Now it was time for the Nano Jetson adventure!

To start, a lot needs to be installed, I decided to follow " Hello AI World" guide where there are plenty of good examples (in python) that helped me to write the final solution I needed


I had to struggle quit a bit; the Jetson seems very sensitive to what power supply you use, if you have a monitor connected or not etc etc, really not as forgiving as a Pi. At the moment it is running but I do not know yet how it will work in the long term

Anyway, some timing comparisons could be of interest. If I forward the same image to my various platforms, I get the following readings for how long a successful object detection analyze takes (detecting persons in the image):

Odroid N2: 3.243597 seconds
My laptop: 0.786970 seconds
Jetson Nano: 0.07310032844543457 seconds

The Jetson, using GPU, is roughly ten times faster than my laptop!! Thats good!

For my application, it is not necessary to have such a fast processing but for real time video analytics, I believe this is very interesting (I have however not played with that part)

Below the image I used for testing. This is a tricky image and many models fail to detect me walking there. But both the Jetson and the others (Yolo V3) managed this well

captured51

5 Likes

Thanks for posting this. I've found the Nano to be the best <$150 IOT class computer for using the Coral TPU because it can handle more rtsp streams. This includes the Coral Mendel development board. I've used none of the "JetPack" stuff except for OpenCV, everything else is just Python3, the TPU Python support and node-red for the UI and control via the dashboard.

I just got another Nano to setup for the "pure" Jetson experience. You've given me a wonderful time saving place to start.

The immediate downside I see is the available models is really limited compared to OpenVINO and the TPU to a lessor extent. For instance I don't see a "Pose Estimation" model available for it.

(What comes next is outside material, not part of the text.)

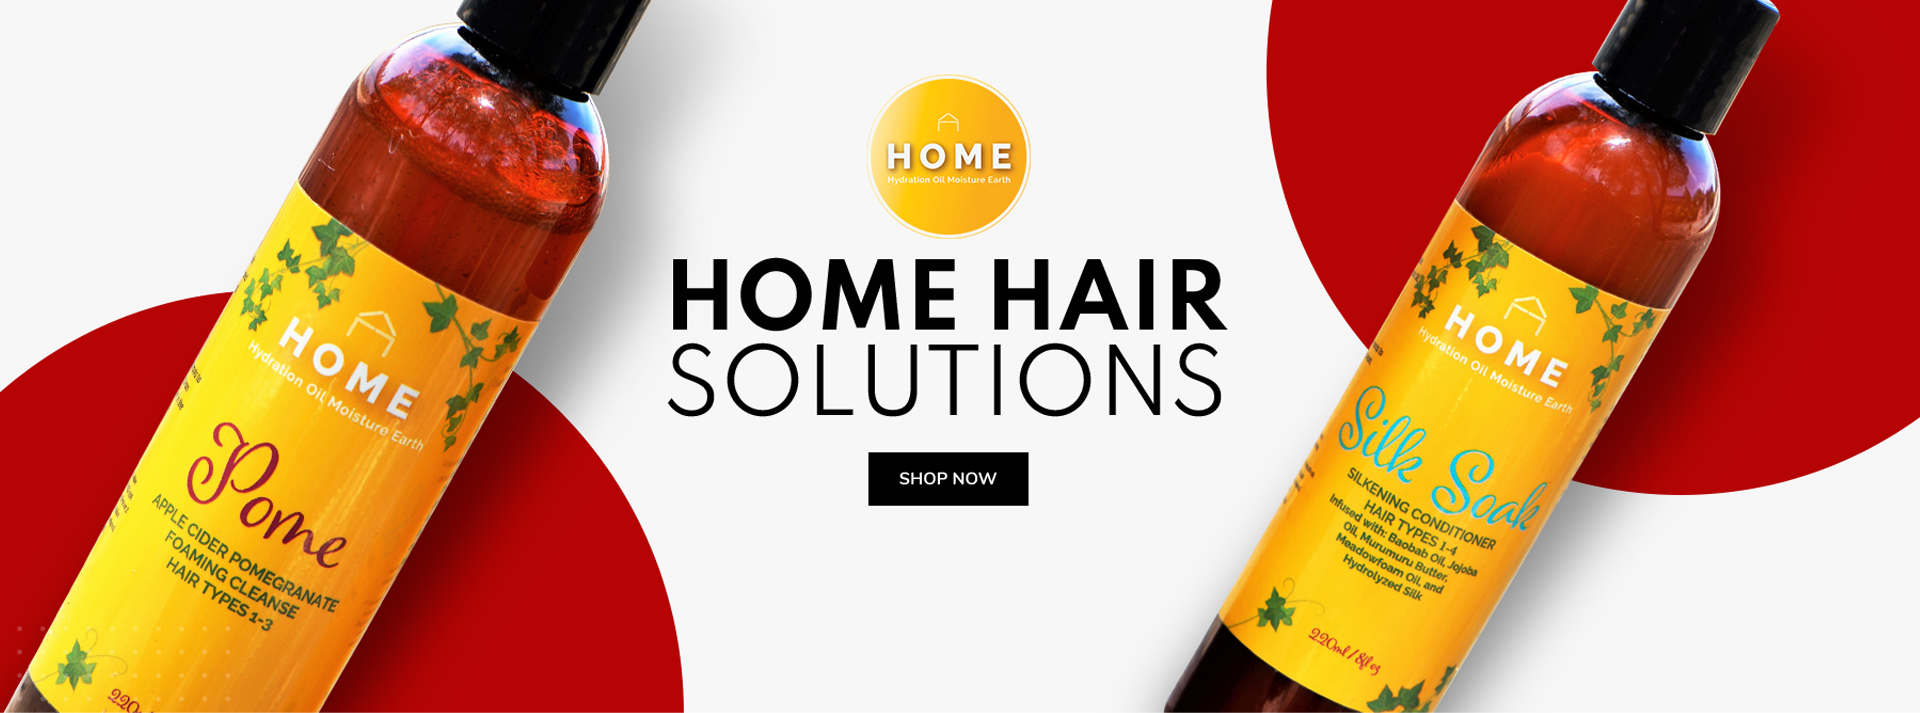 H.O.M.E Hair Solutions created by Cosmetologist Niquel Coleman introduces targeted texture formulas for proper hair care awareness of every person seeking organic products that really work.  We believe in the uniqueness of the 4 textures hair groups and o

I've been running my AI for over a year and collected a fair number of "false positive" images from MobileNet-SSD v1 & v2 with 15 various outdoor cameras with resolutions from D1 to UHD (4K). Using a Pose Estimation AI on the TPU as a second verification step would have rejected all these false positives when fed my collection of false positive images. Downside is it would increase the false negative rate. Seems to be the higher the camera angle and the more the person fills the frame the less likely are pose keypoints of sufficient confidence found. I'm investigating this. So far the bulk of the false negative are from cameras in more protected locations (patio, porch, garage) that have not given any false positives since I upgraded to MoblleNet-SSD v2. These confined areas necessarily make the viewing angle steeper and the person fill more of the frame.

For grins, I ran your image through it and it would have been a false negative. Not unexpected because of the high camera angle.

I think this is one of the largest issues we face as cameras need to be mounted high to avoid vandalism -- which makes we question the real world practicality of Arlo, Nest, etc. battery powered WiFi cameras, if the (expensive) cameras are mounted high enough to avoid theft, its gonna be a PITA to be changing batteries every few months.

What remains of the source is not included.